An object file is like a chunk of machine instructions. We cannot execute an object file directly, because they contain only part of the entire program. However, linking the object files together creates an executable binary.

Start by inspecting the header file include/square.h. Header files are the key to multi-file C programs. The square-adhoc.c source file needs to call the square function, but the square function is in a different source file. When we compile the square-adhoc.c source file, how will the compiler know that the square function exists to ensure the programmer is not accidentally calling an undefined function? How will the compiler know what parameters the square function takes, so it can perform type checking? The square-adhoc.c source file cannot directly include square.c since that would result in the same function being compiled twice into two different object files (which would cause a linker error). What we need to do is have a way to tell square-adhoc.c the square function prototype (i.e., the interface of the function including its name, parameter list, and return type) but not the square function definition. We do this with a function declaration. A function definition specifies both the function prototype (interface) and the implementation at the same time, while a function declaration just specifies the function prototype without the implementation. A header file contains all of the function declarations but no function definitions. All of the function definitions are placed in a source file that goes along with the header file. If we want to call a function that is defined in a different source file, then we simply use the #include directive to include the appropriate header file. The linker will take care of making sure the machine instructions corresponding to every function definition are linked together into the executable binary.

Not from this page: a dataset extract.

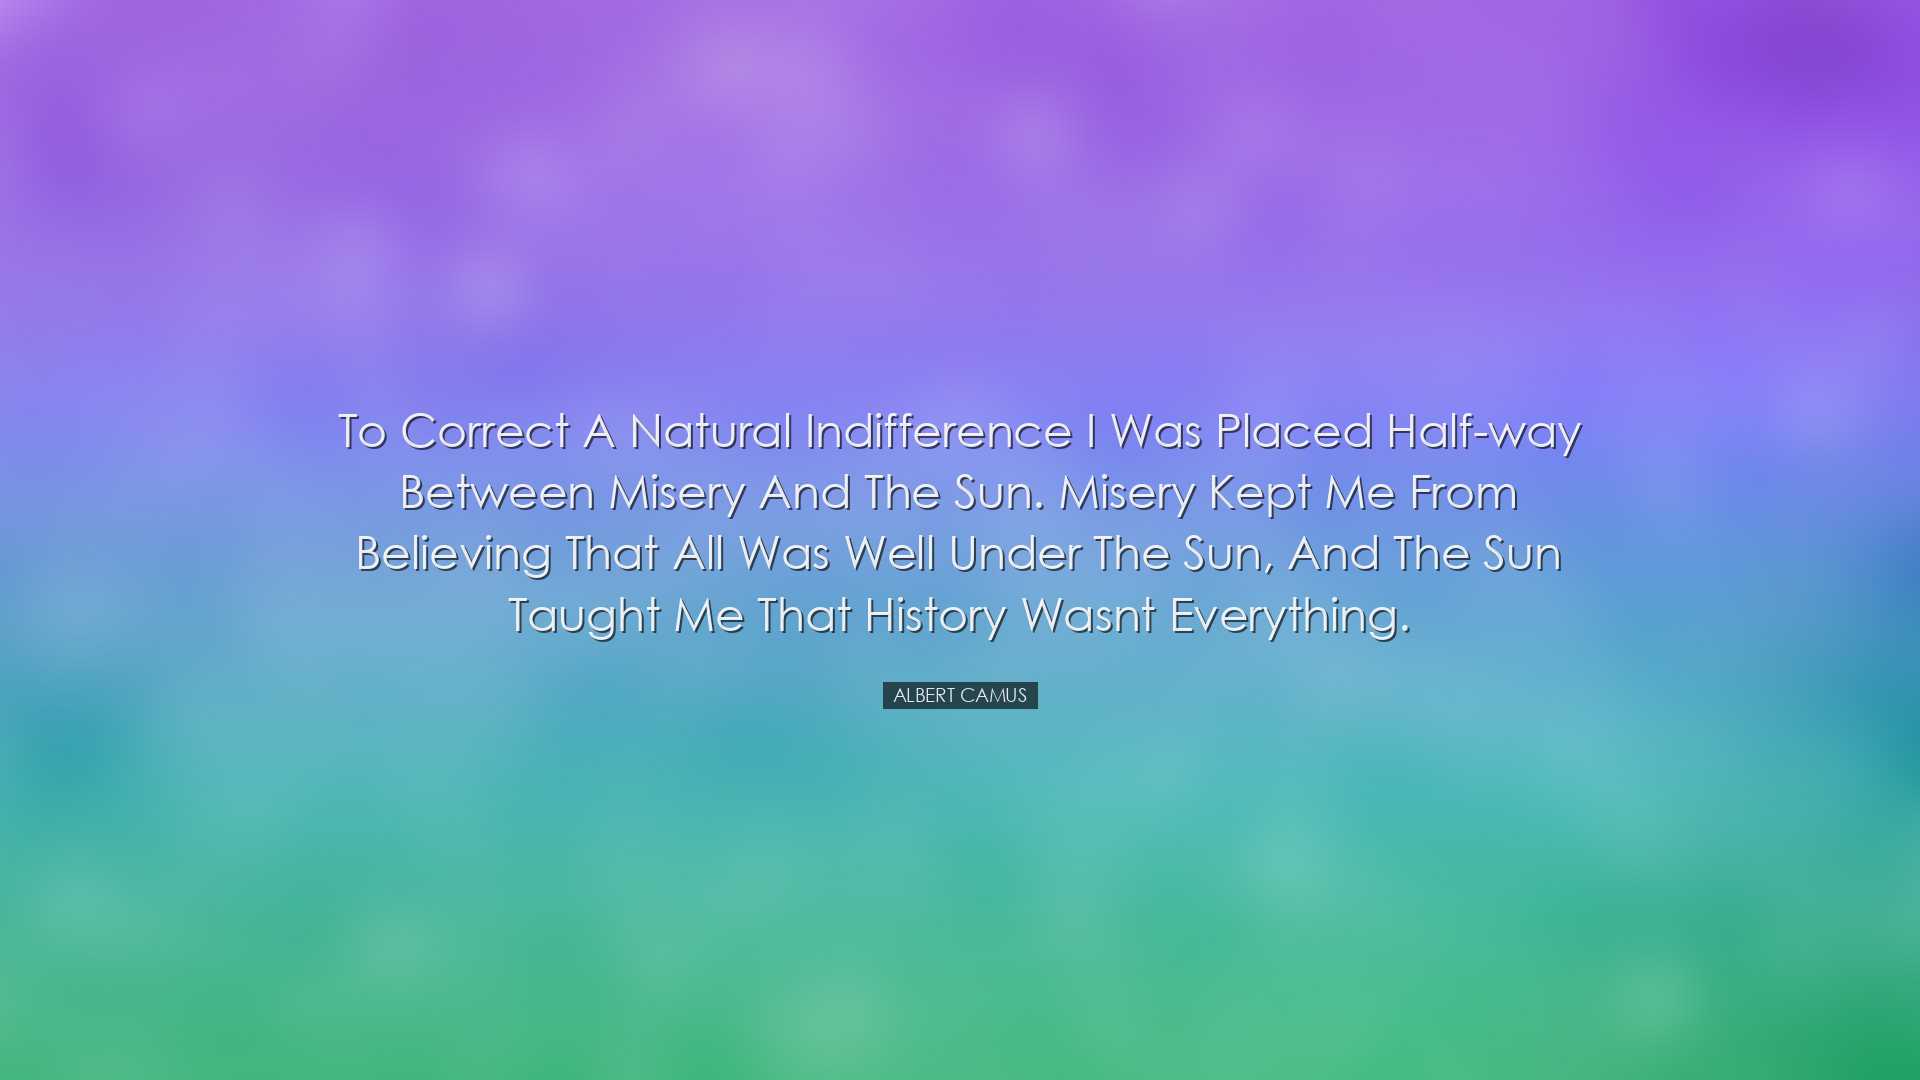 To correct a natural indifference I was placed half-way between mi
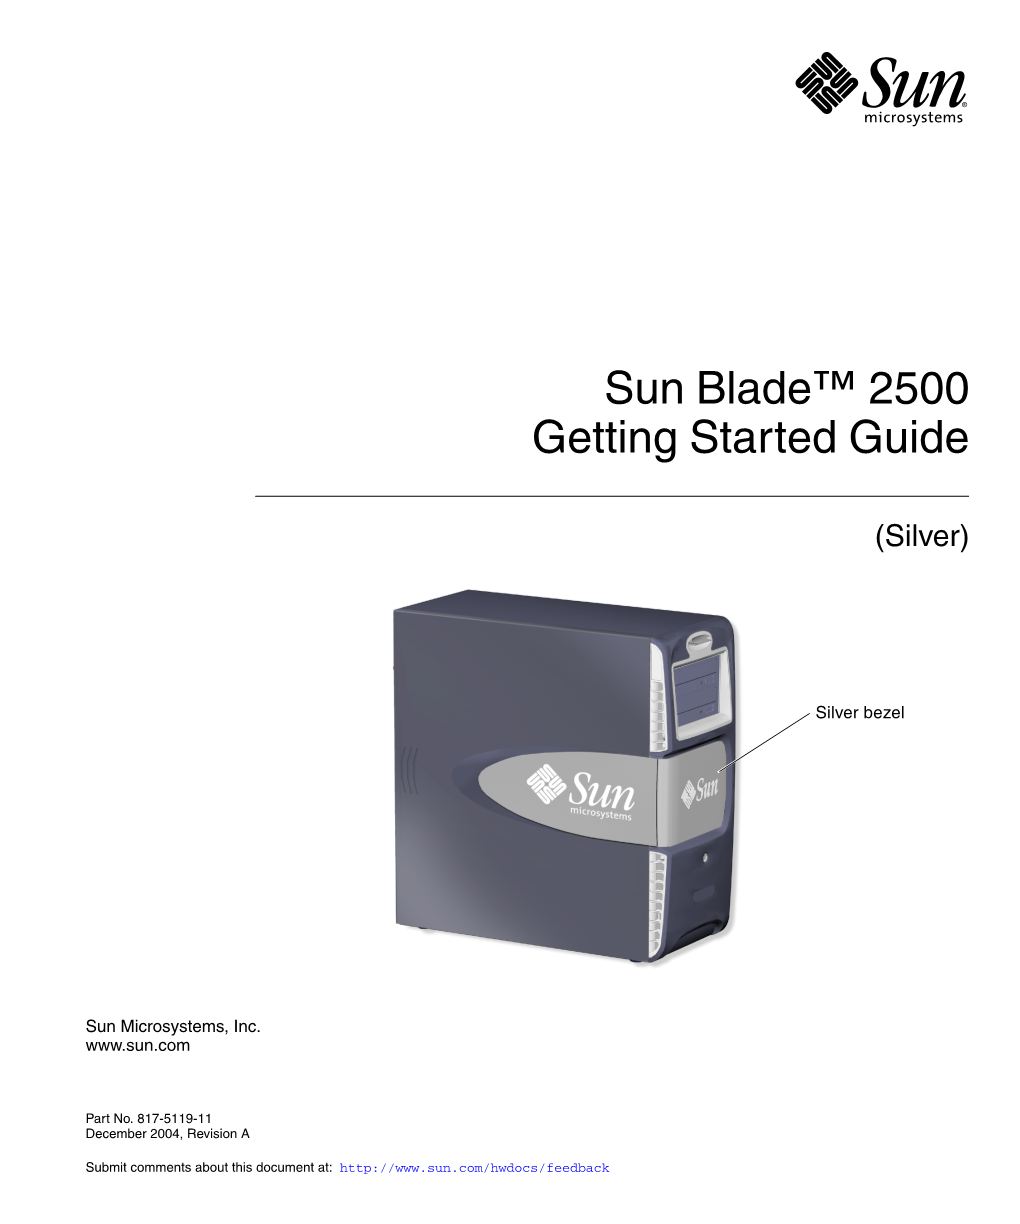 Sun Blade 2500 Getting Started Guide (Silver)

We have provided you the square.h file with the the following contents:

int square( int x );

We have provided you with a template for the square.c file. Edit src/square.c file to include an appropriate implementation of the square function.

#include "square.h"

int square(int x) {
  return x * x;
}

Notice how our square.c file includes the corresponding square.h file. This is best practice which follows the course coding conventions. Finally, take a look at the provided square-adhoc.c file:

#include "square.h"
#include <stdio.h>

int main() {
  int a = 10;
  int b = square(a);
  printf("square of %d is %d\n", a, b);
  return 0;
}

Go ahead an fill in the implementation for square(). Then, let's compile square.c and square-adhoc.c into their corresponding object files:

$ pwd # Should be ece2400-sec02
$ gcc -Iinclude -Wall -c -o square.o src/square.c
$ gcc -Iinclude -Wall -c -o square-adhoc.o src/square-adhoc.c

We use the -c command line option to indicate that gcc should create an object file as opposed to a complete executable binary. An object file is just a piece of machine instructions. Again, we cannot actually execute an object file; we need to link multiple object files together to create a complete executable binary. We usually use the .o filename extension to indicate that these files are object files.

Let's link these two object files together to create a complete executable binary that we can actually run:

$ gcc -Wall -o square-adhoc square.o square-adhoc.o

Notice that the complete executable binary contains all of the machine instructions for both the square and main functions along with a bunch of additional system-level code (e.g., for the printf function). Let's go ahead and run the executable binary.

$ ./square-adhoc

This of course begs the question. If we can compile a project with multiple files simply by specifying all of the files on the command line, then why did we learn about how to: (1) compile each file individually into an object file; and (2) link these object files together? For small projects with just 2-3 files there is no need to use object files. However, in a project with thousands of files, specifying all files on a single command line will cause each recompilation to take a very long fixed amount of time---potentially hours.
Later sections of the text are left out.